DATA:
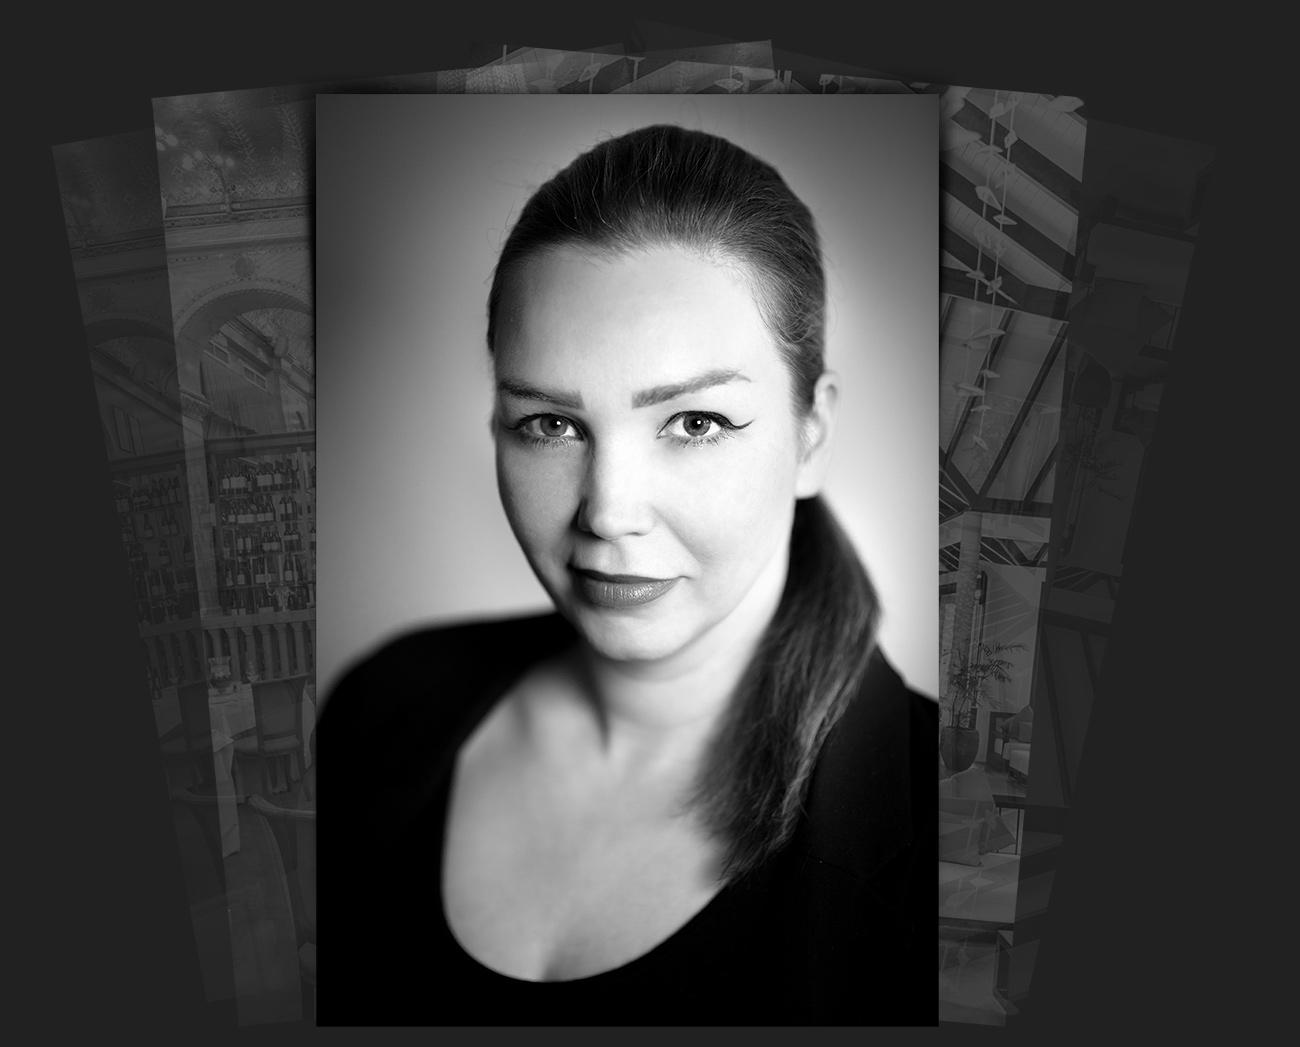 Melanie Görlitz
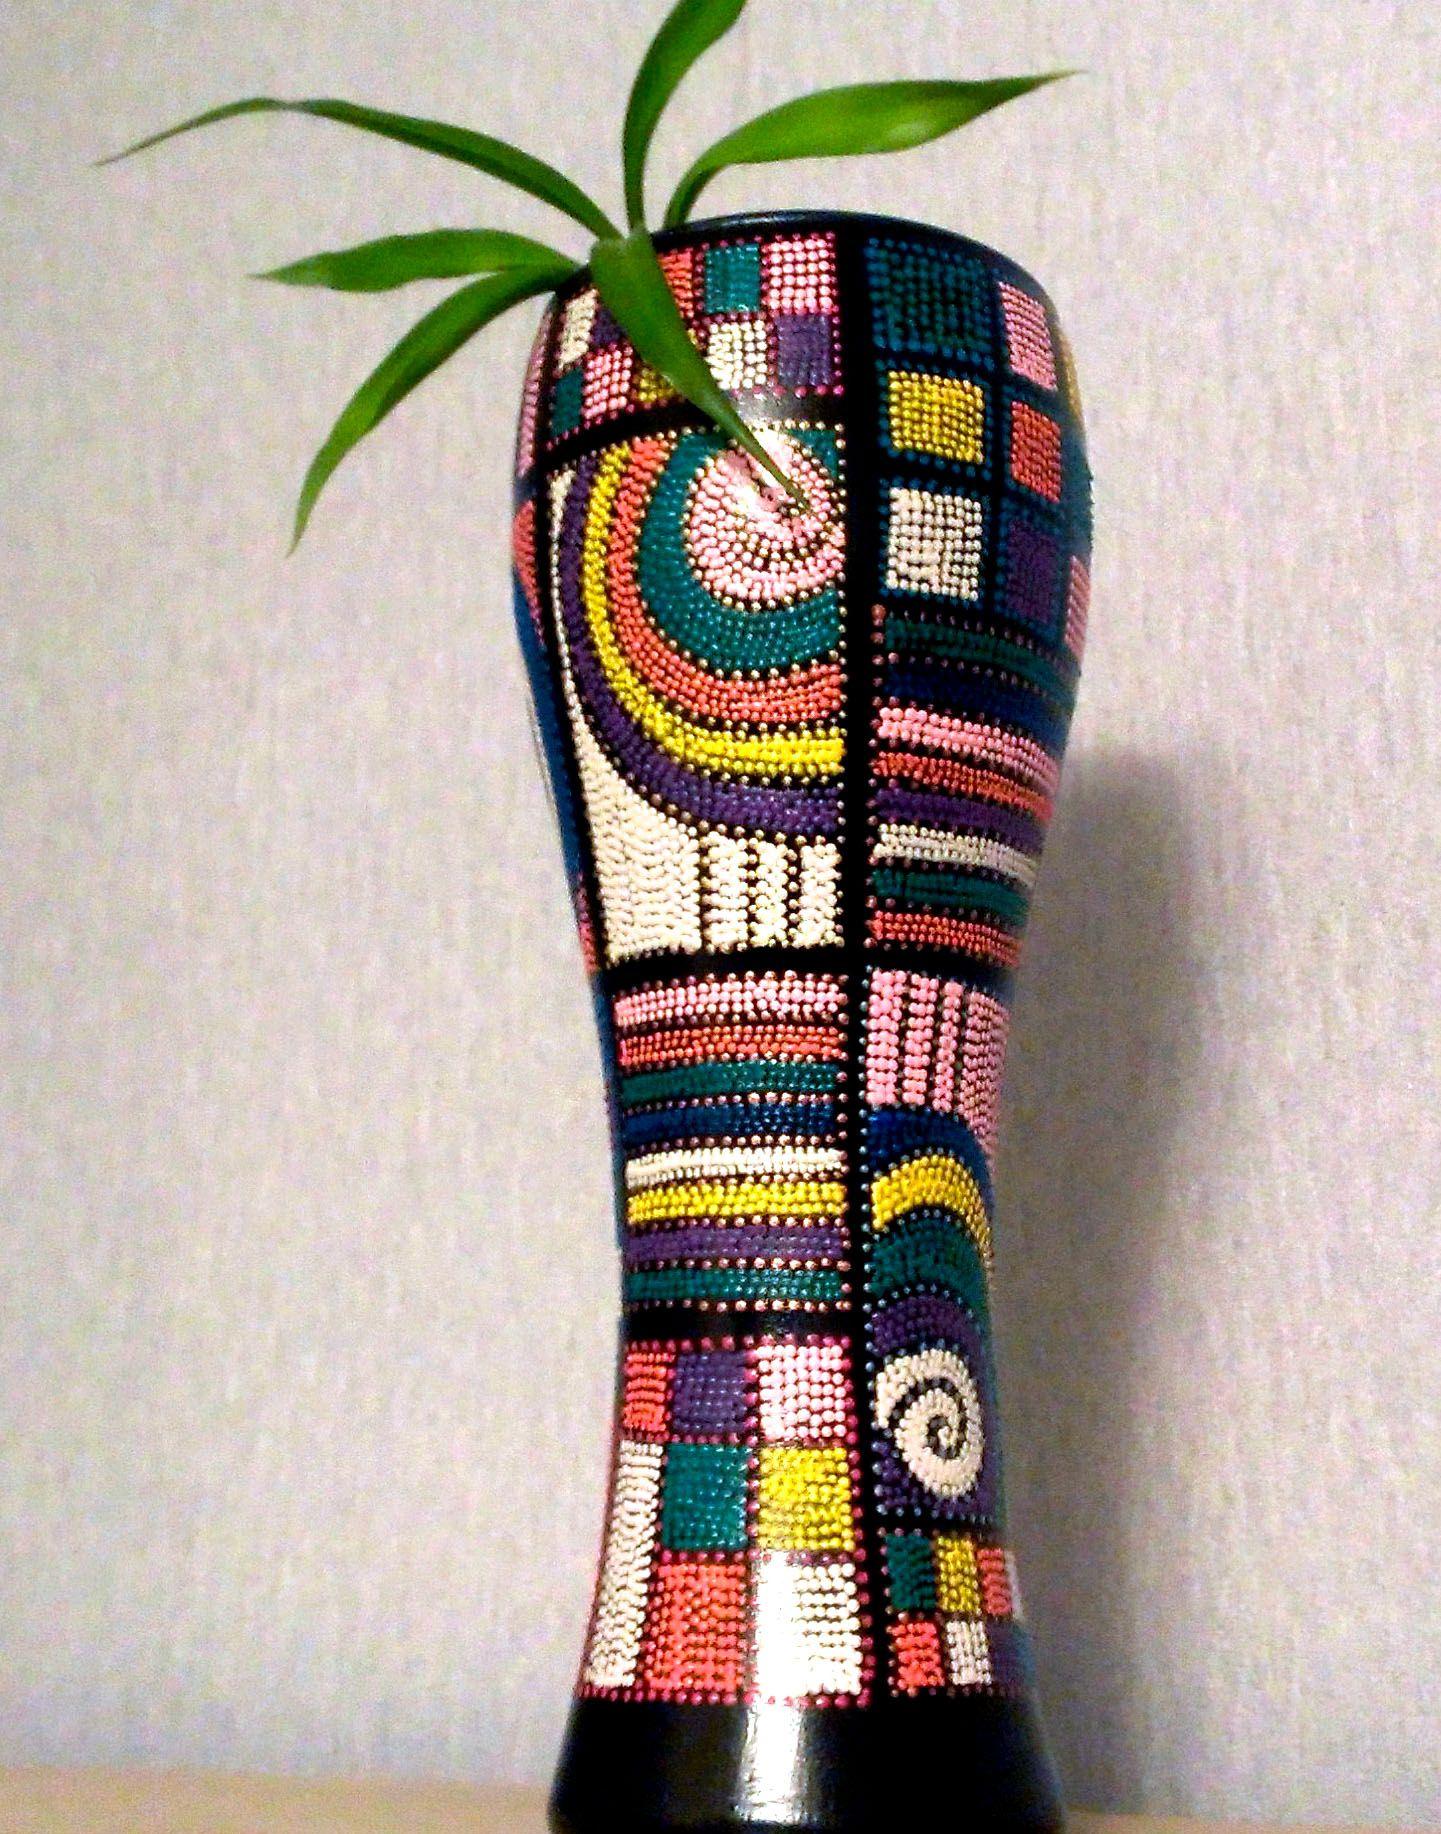 ручнаяработа подарок декоративнаятарелка декор точечнаяроспись тарелка ваза handmade узоры джаз декоративнаяваза цветы
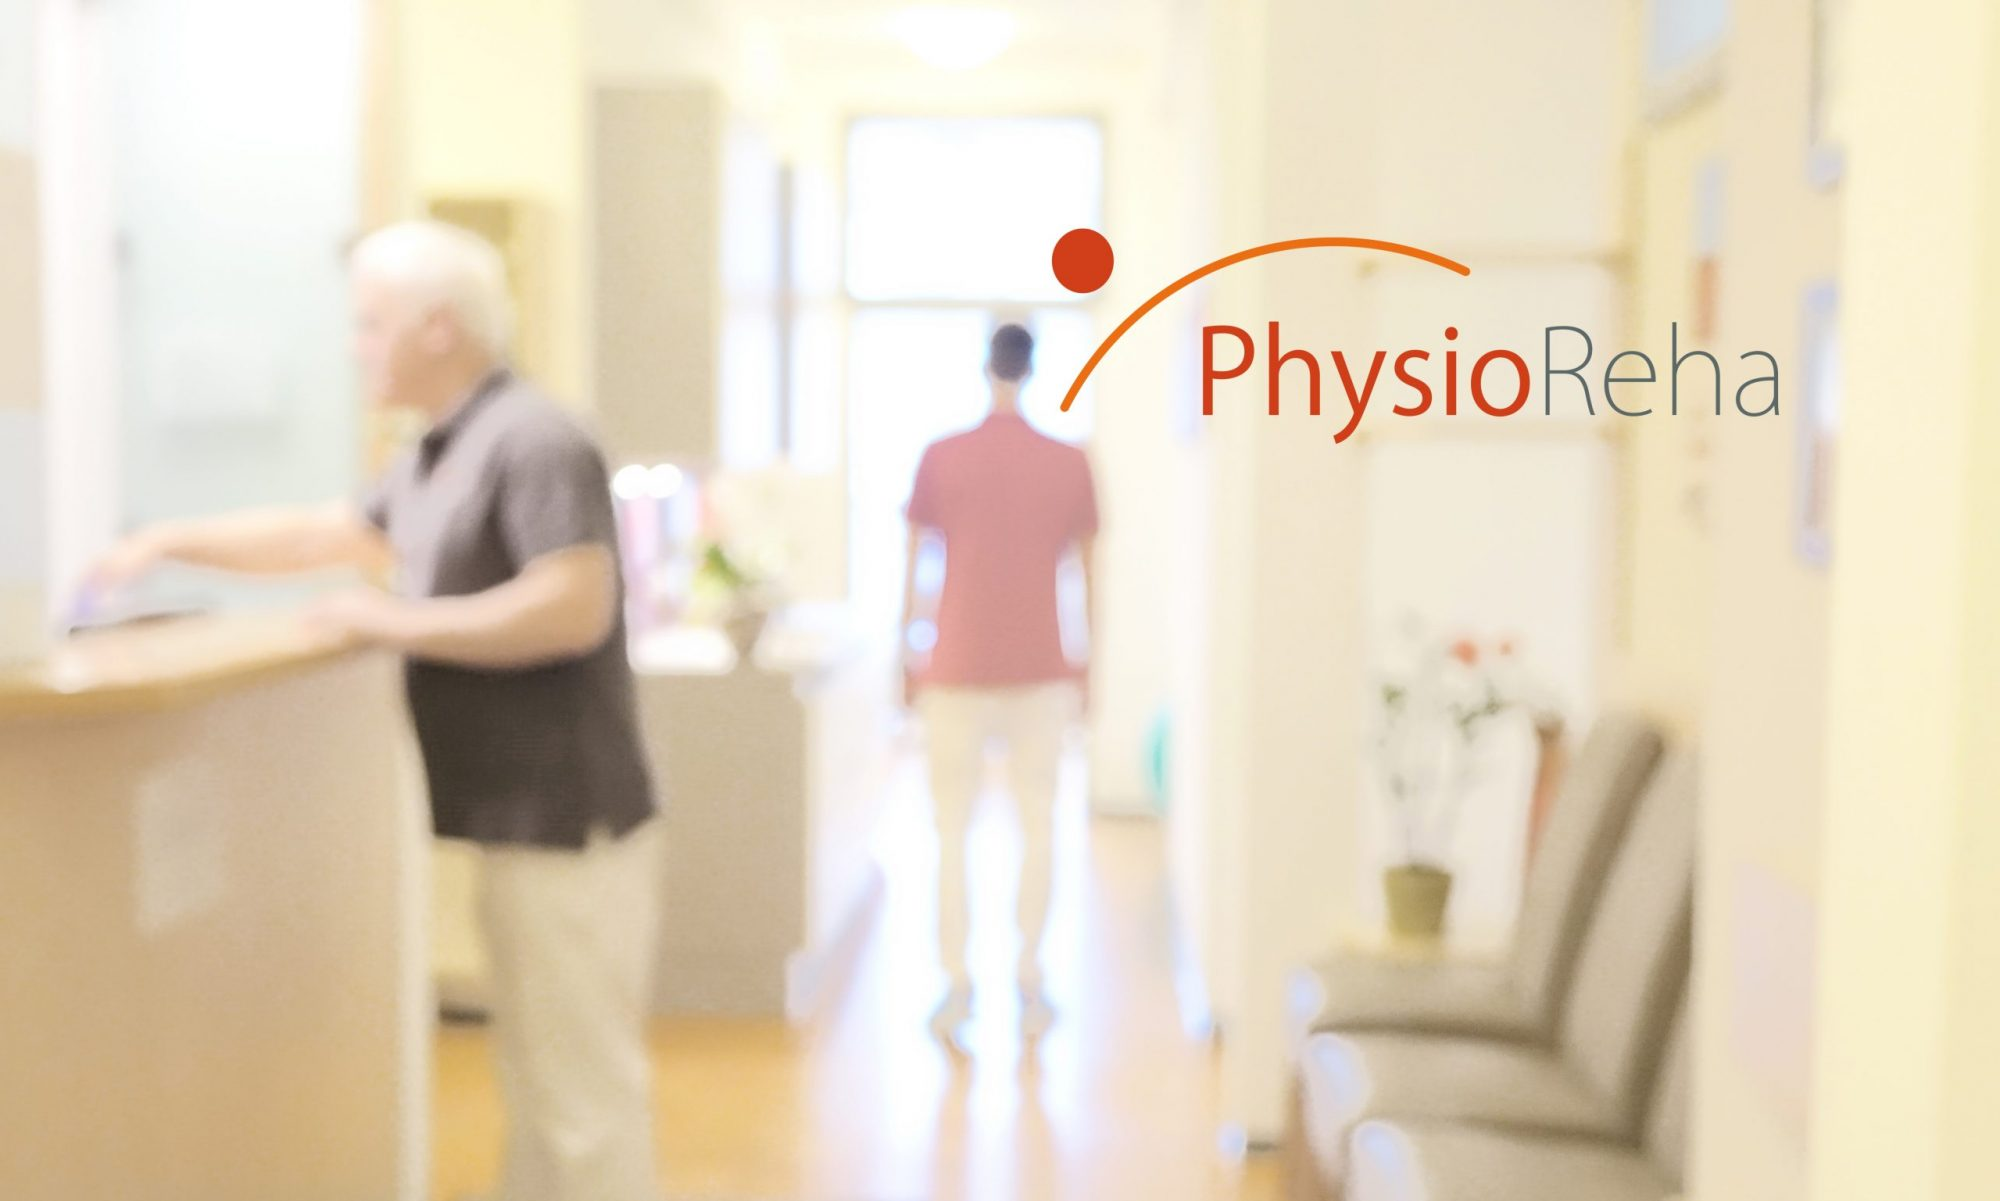 PhysioReha

EXERCISE GOAL: Repeat the listing above in full, exactly, and omit its pictures.

EXERCISE RESPONSE:
 Melanie Görlitz
 ручнаяработа подарок декоративнаятарелка декор точечнаяроспись тарелка ваза handmade узоры джаз декоративнаяваза цветы
 PhysioReha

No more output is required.